Harnessing Consumerism to Get Laptops to Needy Kids

Once again, an organization is seeking to harness the power of North American consumerism, instead of altruism, to do some good in the world.

Here’s the story, from Technology Review: Looking for a spark, developing-world laptop project to let donors buy 2, keep 1

I’ve blogged a couple of times about the $100 Laptop project, which aims to put cheap, durable laptops in the hands of millions of kids in the developing world. (So far the goal of sellling for $100 hasn’t been reached. But the current price-tag though is a very respectable $188.)

The original business model was this: Sell the laptops for $100. Sell them ONLY to governments in the developing world (not to gadget freaks in the developed world), and in particular to governments willing to order at least a million of the things. Nice idea: focusing on bulk sales allows you to source parts cheaply.
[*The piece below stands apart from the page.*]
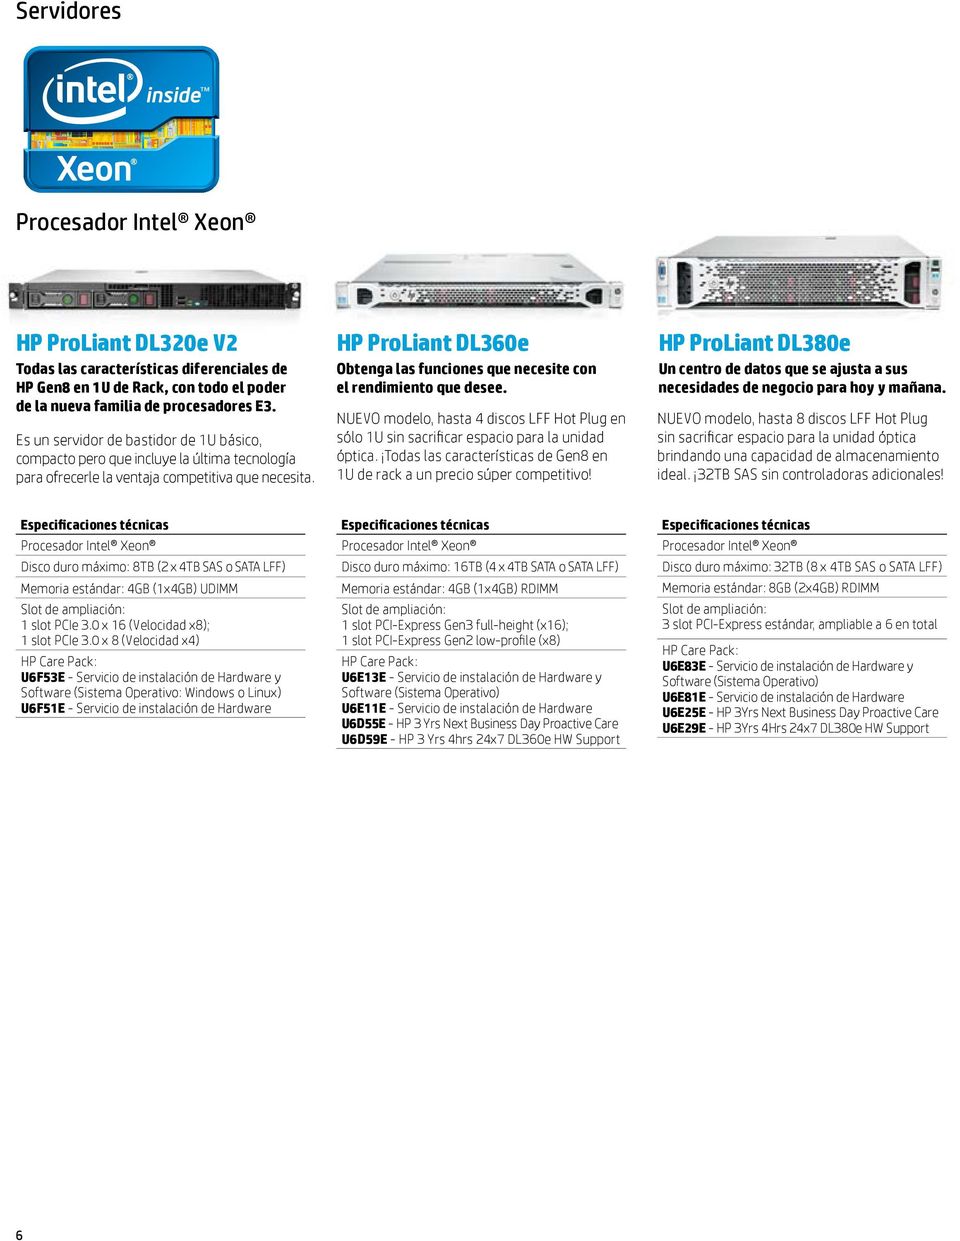 HP ProLiant DL360e Obtenga las funciones que necesite con el rendimiento que desee. NUEVO modelo, hasta 4 discos LFF Hot Plug en sólo 1U sin sacrificar espacio para la unidad óptica.

Trouble is, not enough governments went for it.

The solution? Tap into the curiosity — and wealth — of North American consumers. The project is now going to allow North American consumers to buy the devices for $400 a pair, with one computer going to the purchaser and the other going to a kid in a developing country.
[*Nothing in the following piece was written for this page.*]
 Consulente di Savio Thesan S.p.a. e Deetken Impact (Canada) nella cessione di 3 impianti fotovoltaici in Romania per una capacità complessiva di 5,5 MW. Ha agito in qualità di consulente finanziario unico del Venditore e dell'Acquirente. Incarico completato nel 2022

This reminds me a lot of the much-debated Product Red project, which asked consumers to pay a premium for a wide range of consumer products, with the additional profits going to help women and children in Africa suffering from HIV/AIDS. I blogged about that project here.
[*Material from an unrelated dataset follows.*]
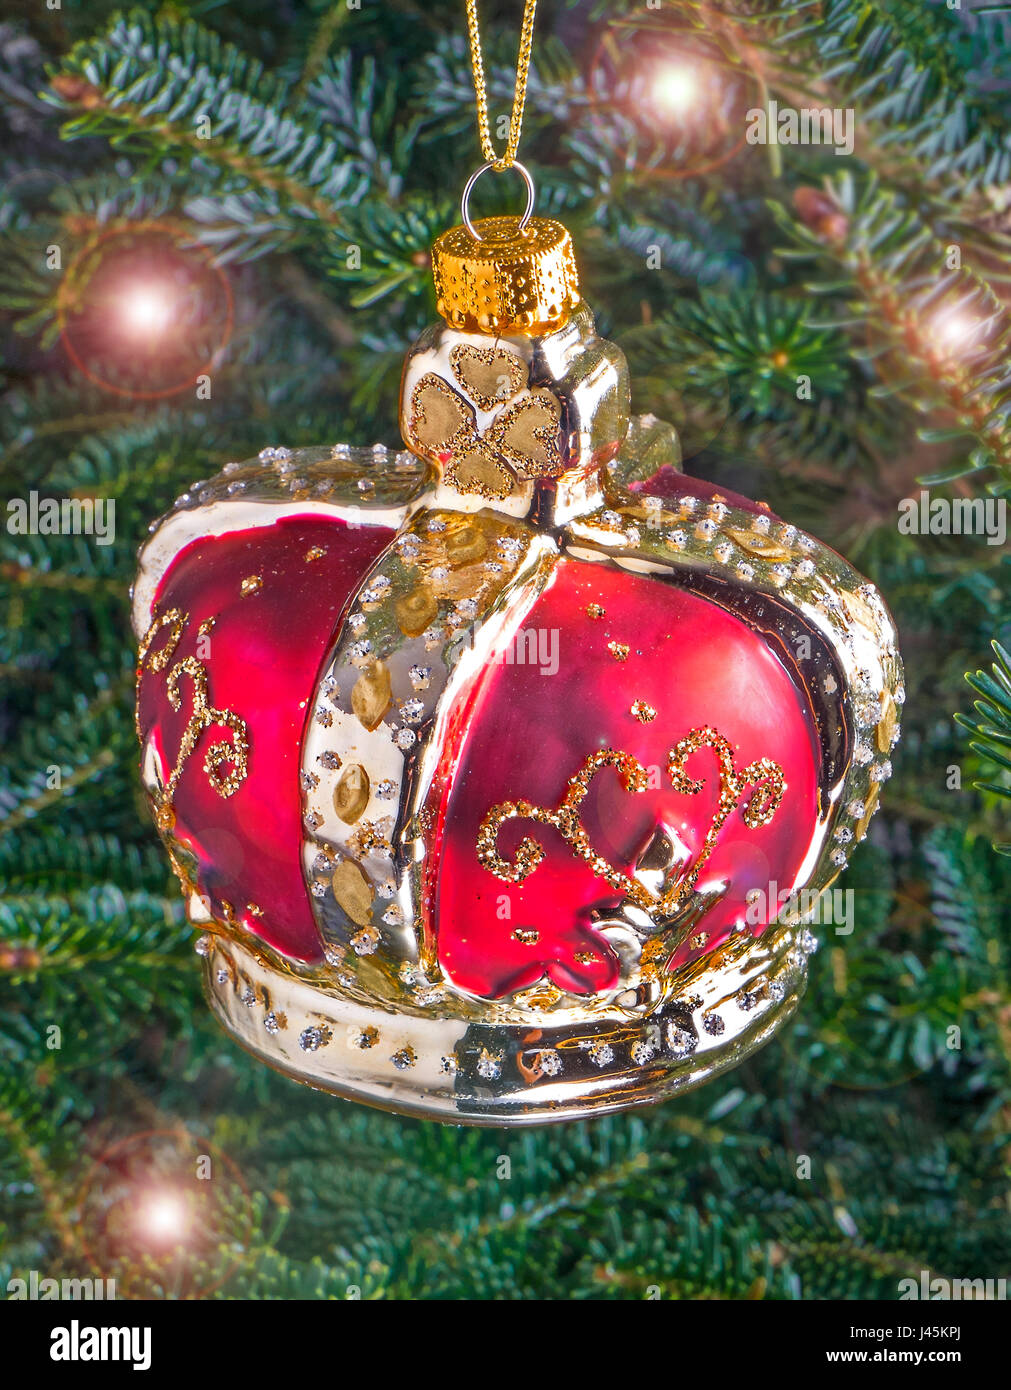 Pallina di natale appeso a un albero a forma di corona regale Foto Stock

I wonder if the people who criticized Product Red are going to criticize this new move by the Laptop project folks. The basic idea is the same: take the fact that North Americans love to buy stuff, and use that to do some good in the world. Their (misguided) complaint ought to be the same, I would think: “consumerism is the problem, not the solution.” And my response will be the same: where altruism proves insufficient, why not tap into more reliable motives?